- Born: August 29, 1955 Sublimity, Oregon, U.S.
- Died: November 24, 2020 (aged 65)
- Education: Gonzaga University; University of Iowa;
- Occupation: Painter
- Spouse: Stephen Schultz ​ ​(m. 1984; died 2020)​
- Awards: Guggenheim Fellow (1992)

= Romey Stuckart =

American painter (1955–2020)

Romey Stuckart (August 29, 1955 – November 24, 2020) was an American painter. A Guggenheim Fellow, she painted expressionist landscapes of the forests of her resident state Idaho and exhibited at the Boise Art Museum, the Utah Museum of Contemporary Art, and the Northwest Museum of Arts and Culture.

==Biography==
Rosemary Stuckart was born on August 29, 1955, in Sublimity, Oregon, She was the fifth of the six children of Cecilia Ann ( Smith) and Robert Stuckart, the latter of whom ran a sawmill where all of their children, including Rosemary herself, worked at. After graduating from a Catholic school, she received her BA at Gonzaga University, during which she spent a year studying abroad as part of their Gonzaga-in-Florence program, and both her MA and MFA at the University of Iowa (UI). After working as a visiting teacher at Simpson College (1982) and the Bellagio Center (1984), and as an Adjunct Instructor in Drawing and Painting at UI, she worked there as Adjunct Assistant Professor from 1985 to 1988. She was a Millay Colony for the Arts fellow in 1983, a Virginia Center for the Creative Arts fellow (1984), and Iberê Camargo Foundation fellow (1985).

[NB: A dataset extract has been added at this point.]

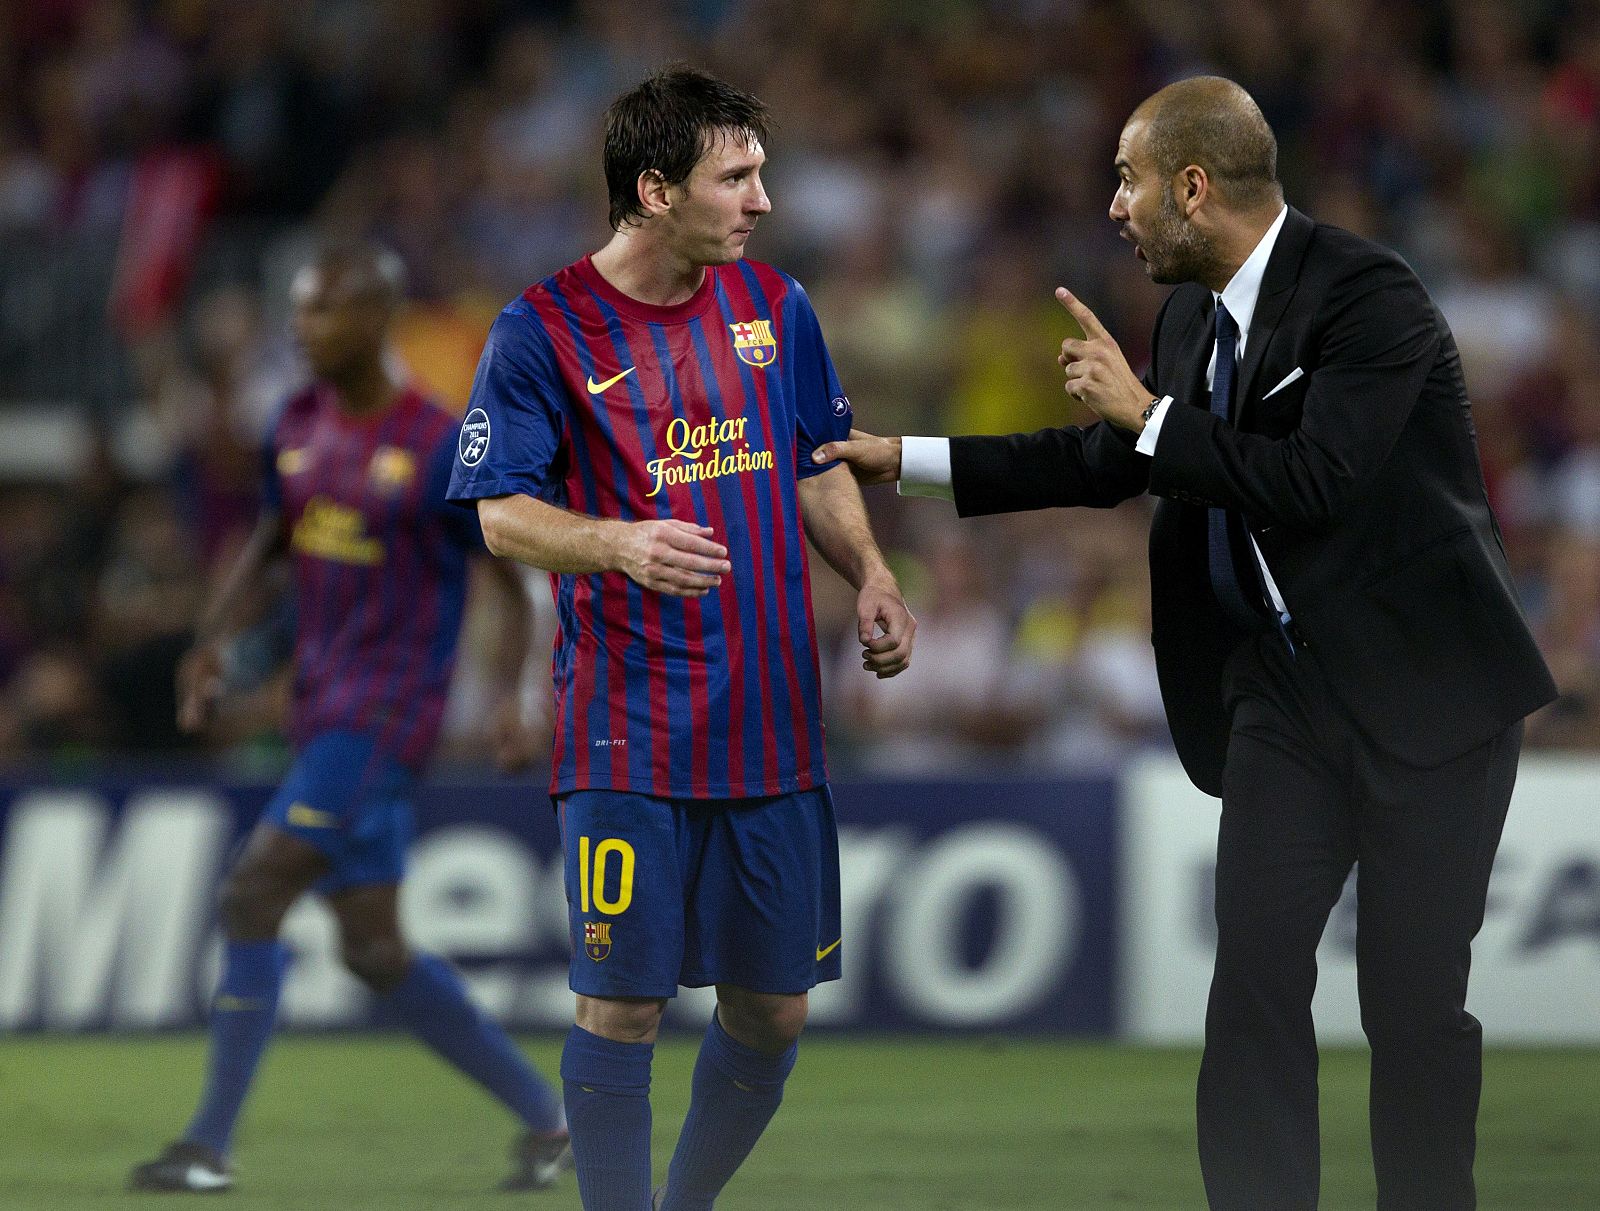 El técnico del FC Barcelona, Josep Guardiola, da instrucciones a su jugador, el argentino Leo Messi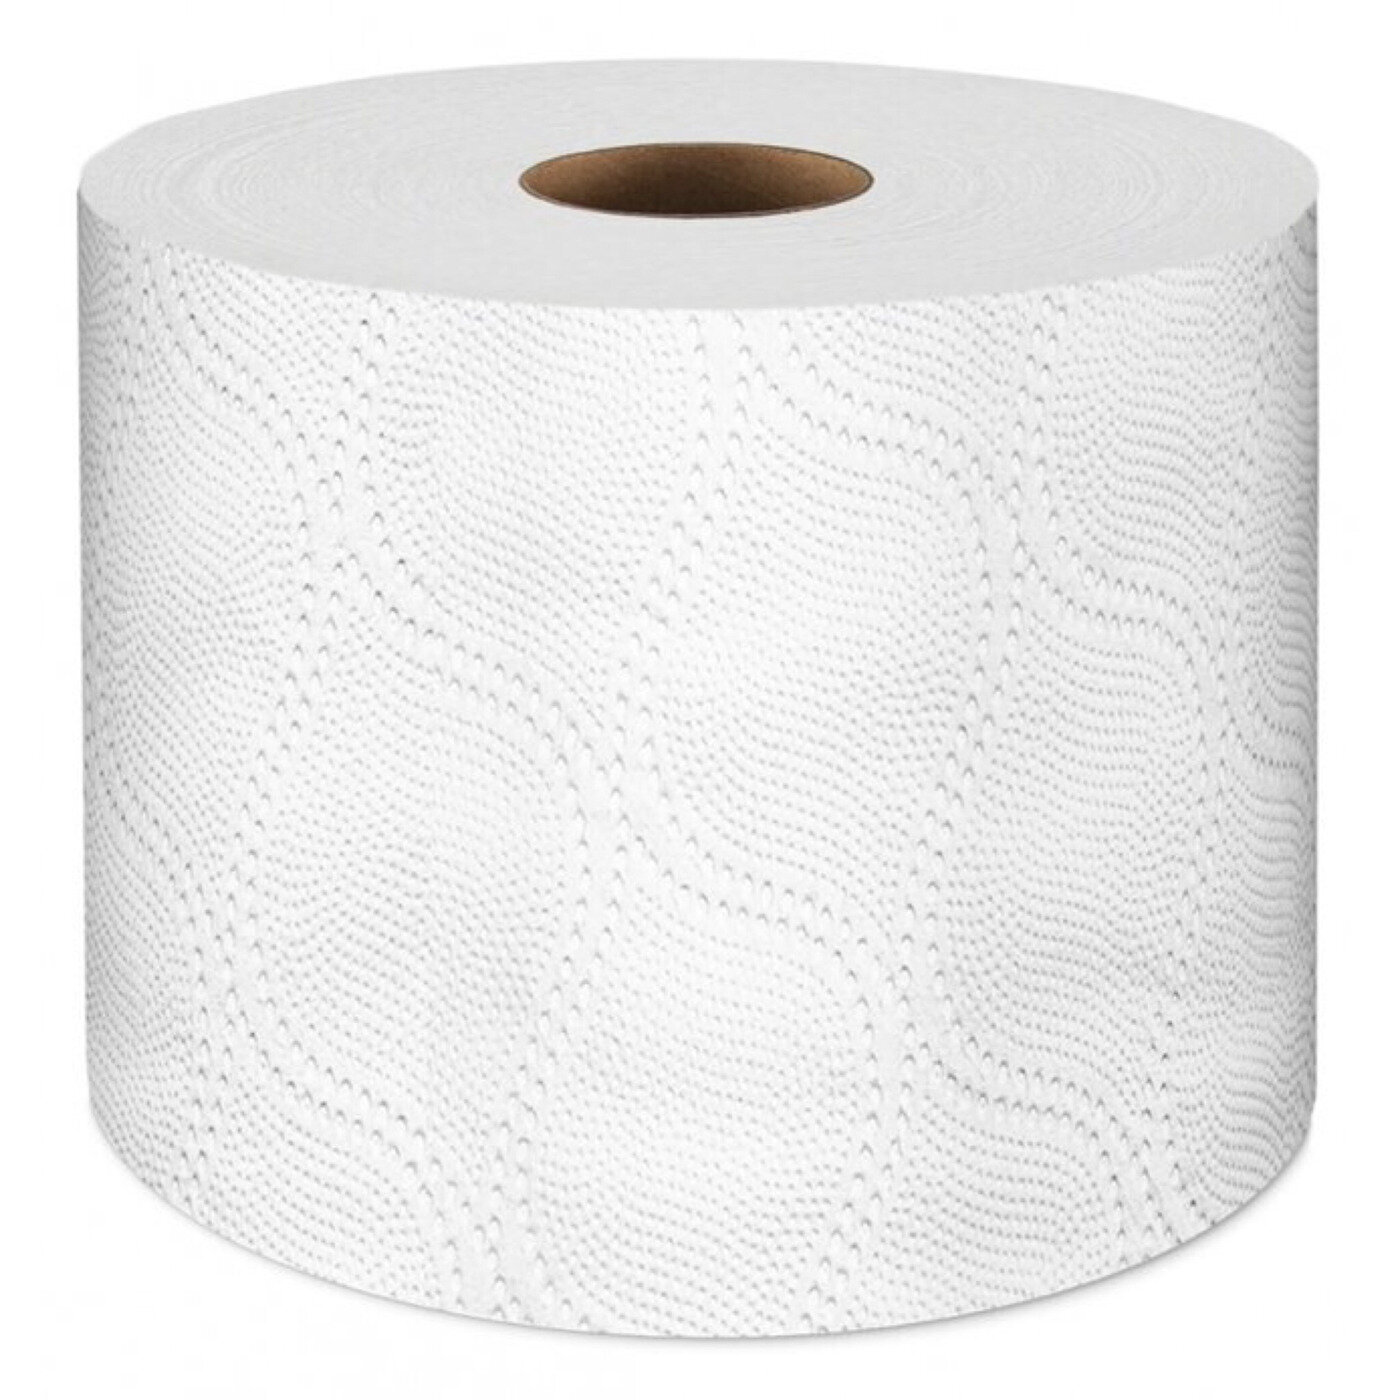 Туалетная бумага Veiro Professional Comfort T207, двухслойная, 48 рулонов по 25 м (200 листов)

She worked on landscape paintings, focusing on the forests of Idaho, starting with "the wilderness around the towns of Hope and Sandpoint". Later, she later began painting art "concerned with energy and the natural world". She also painted alongside her husband during their vacations abroad. The Missoula Art Museum described her style as "unconventional" and "abstract expressionist". She said in a 2002 interview with The Spokesman-Review: "My process involves a listening inward, a dance of faith and anxiety coaxing into view this visual reference for what we almost know." In addition to painting, she also did drawing and self-portraits and practiced healing techniques.

In 1992, she exhibited during the 7th Idaho Biennial at the Boise Art Museum. In 2003, she had a solo exhibition titled "Romey Stuckart: Paintings" at Salt Lake Art Center (now the Utah Museum of Contemporary Art). Another solo exhibition of her paintings, "Energy, Change, Movement", was held at the Northwest Museum of Arts and Culture in 2007. In addition to the rest of the Intermountain West and the Pacific Northwest, she also exhibited in New York City and in Germany.

She was awarded a Guggenheim Fellowship in 1992. She was awarded a 1993 National Endowment for the Arts Visual Artists' Fellowship in painting for $20,000, "in spite of being under 40, female and from the West".

In 1984, she married Stephen Schultz, whom she met as a student at UI where Schultz worked as a professor; The two were both artists and started their own art studios in Hope, Idaho, where they lived from 1987 until her death.

Stuckart died on November 24, 2020 of brain cancer. From February to June 2022, the Missoula Art Museum held Romey Stuckart: Within And Without, an exhibition of her works in her memory which was in development at the time of her death.